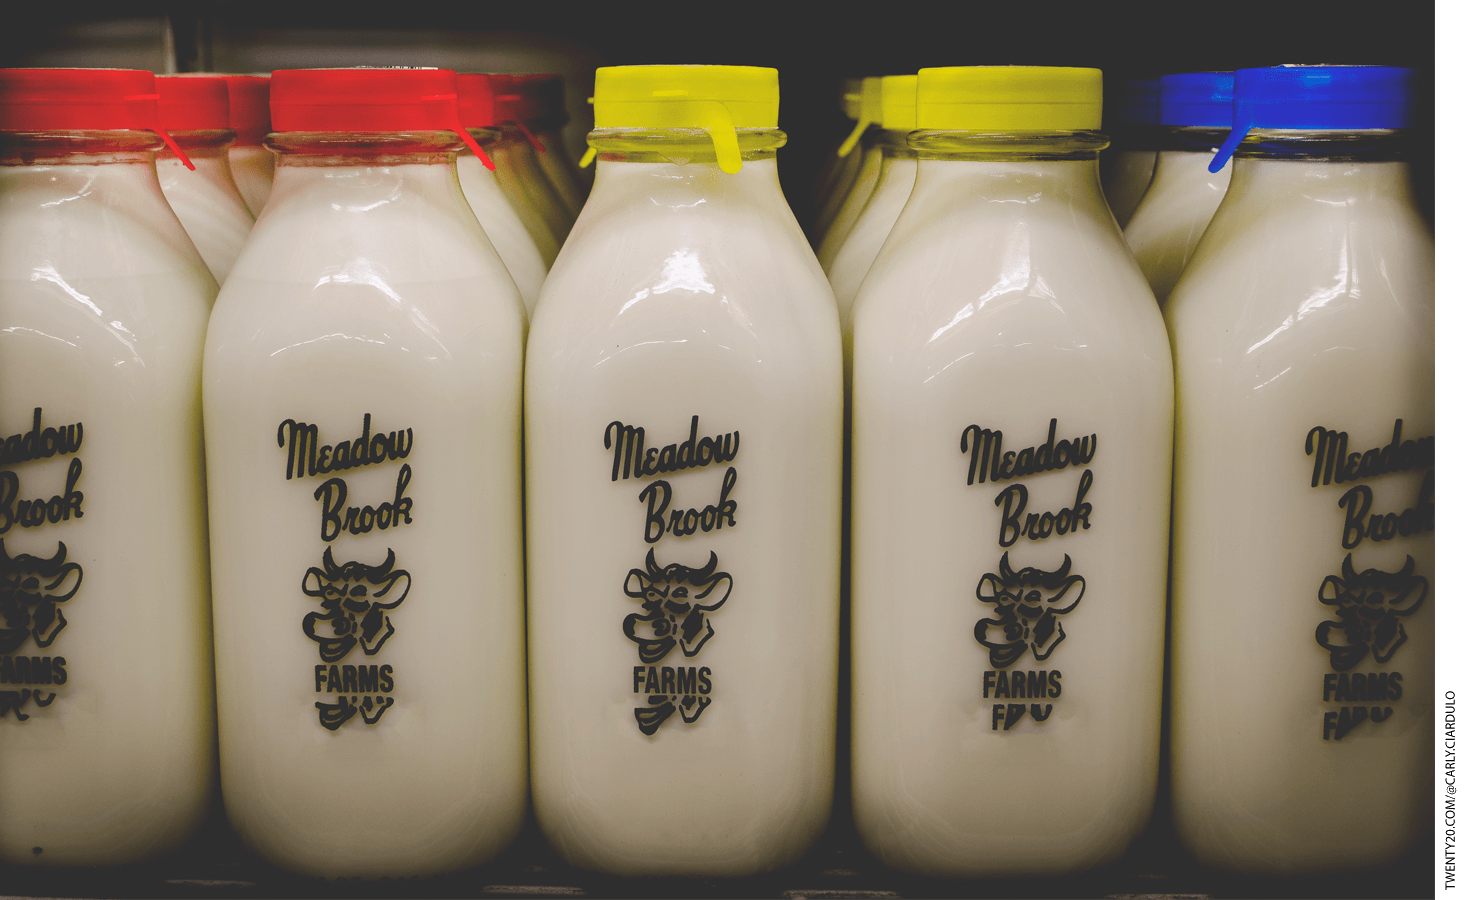 Dairy bottles on a shelf
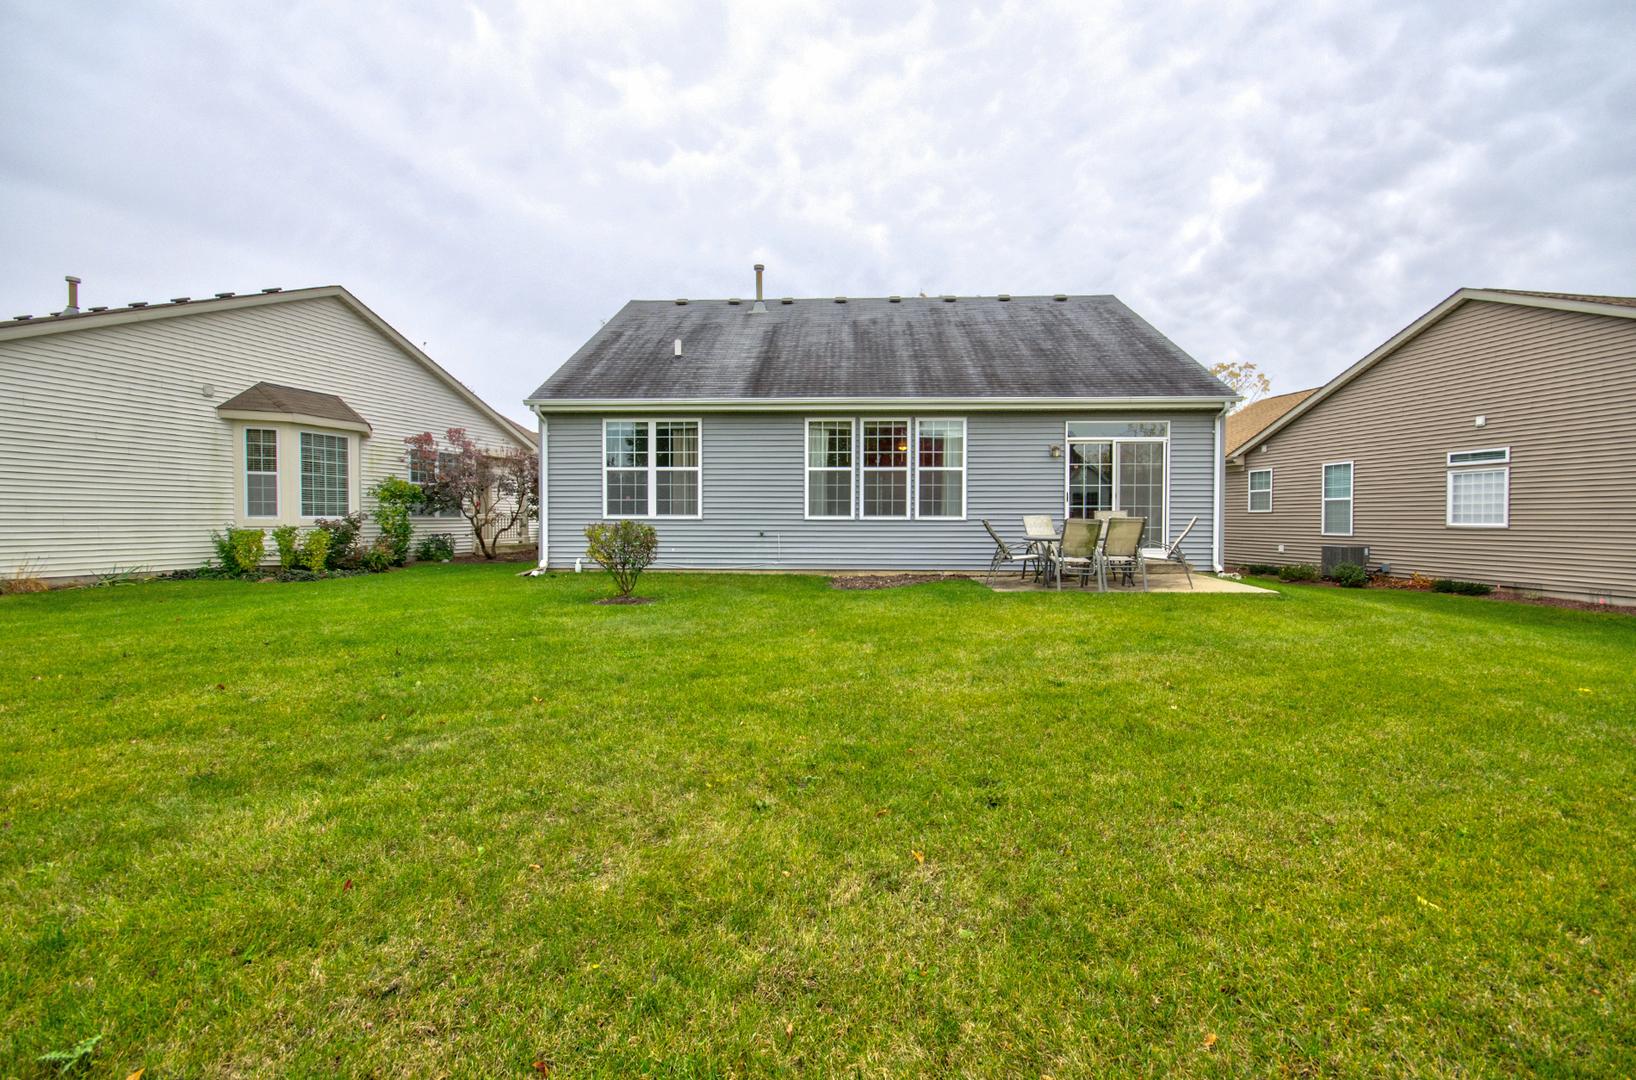 21308 Brush Lake, Crest Hill, Illinois, 60403
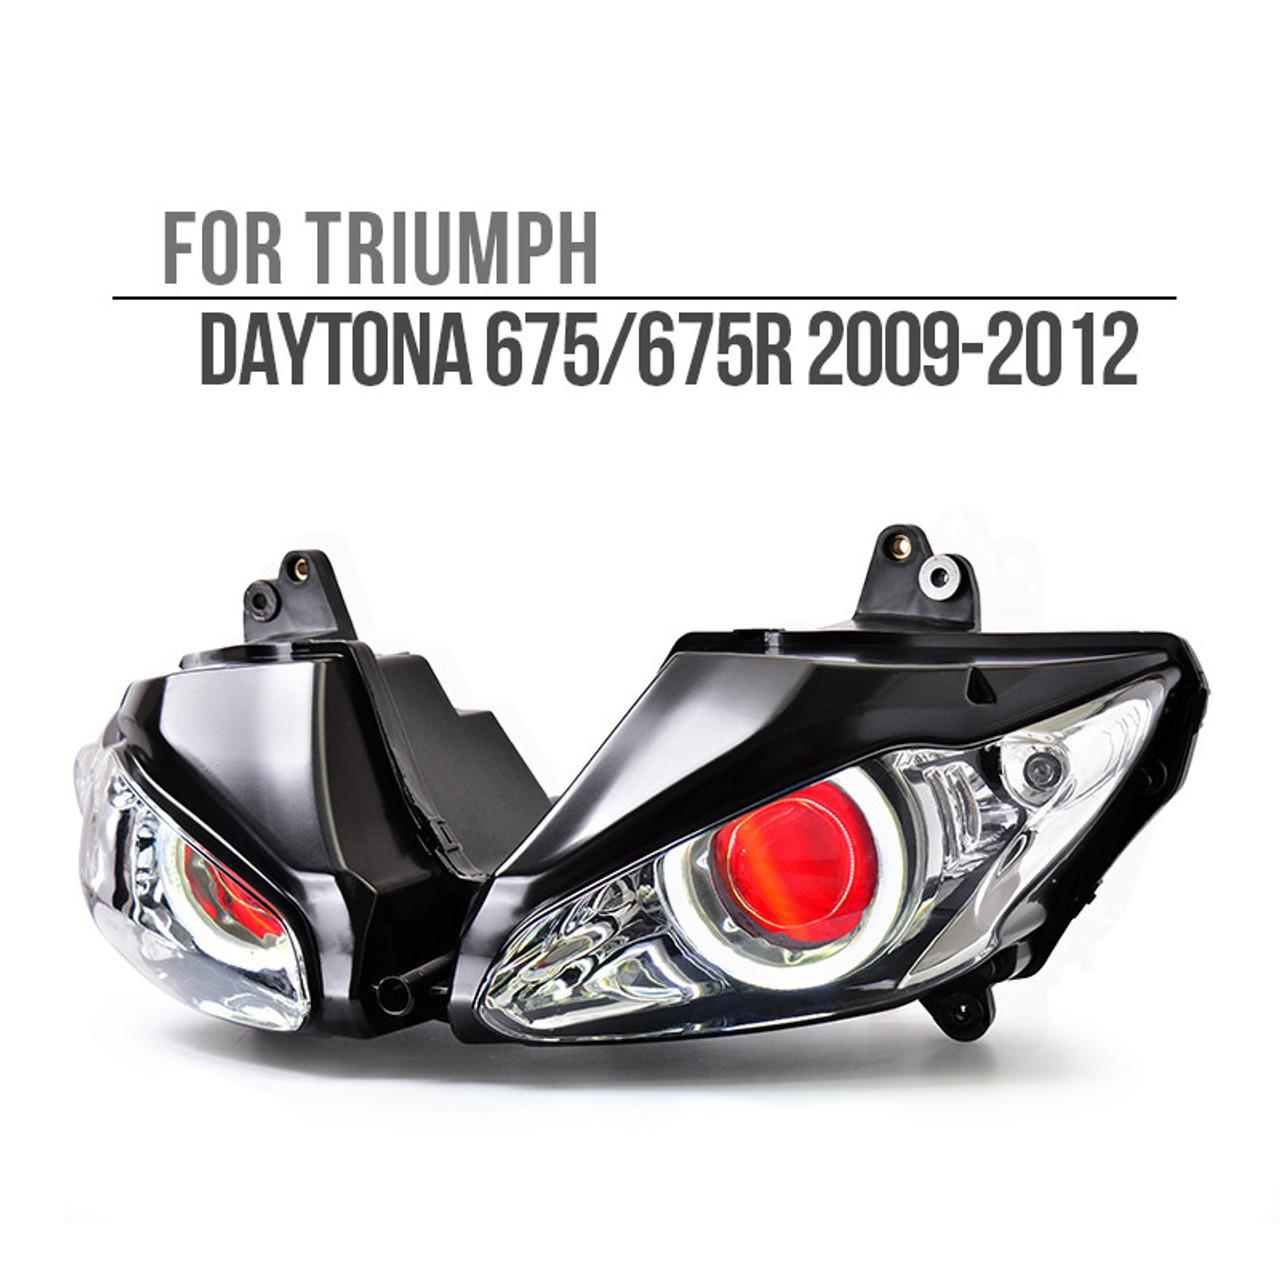 Triumph Daytona 675 Headlight 2009 2010 2011 2012

---+---

→ **WHAT TO DO**: Please transcribe the lines from the one containing "21308 Brush Lake, Crest" to the last line of the listing, both included, exactly and with nothing added, leaving every picture out.

→ **SOLVED EXERCISE**:
 21308 Brush Lake, Crest Hill, Illinois, 60403
 Triumph Daytona 675 Headlight 2009 2010 2011 2012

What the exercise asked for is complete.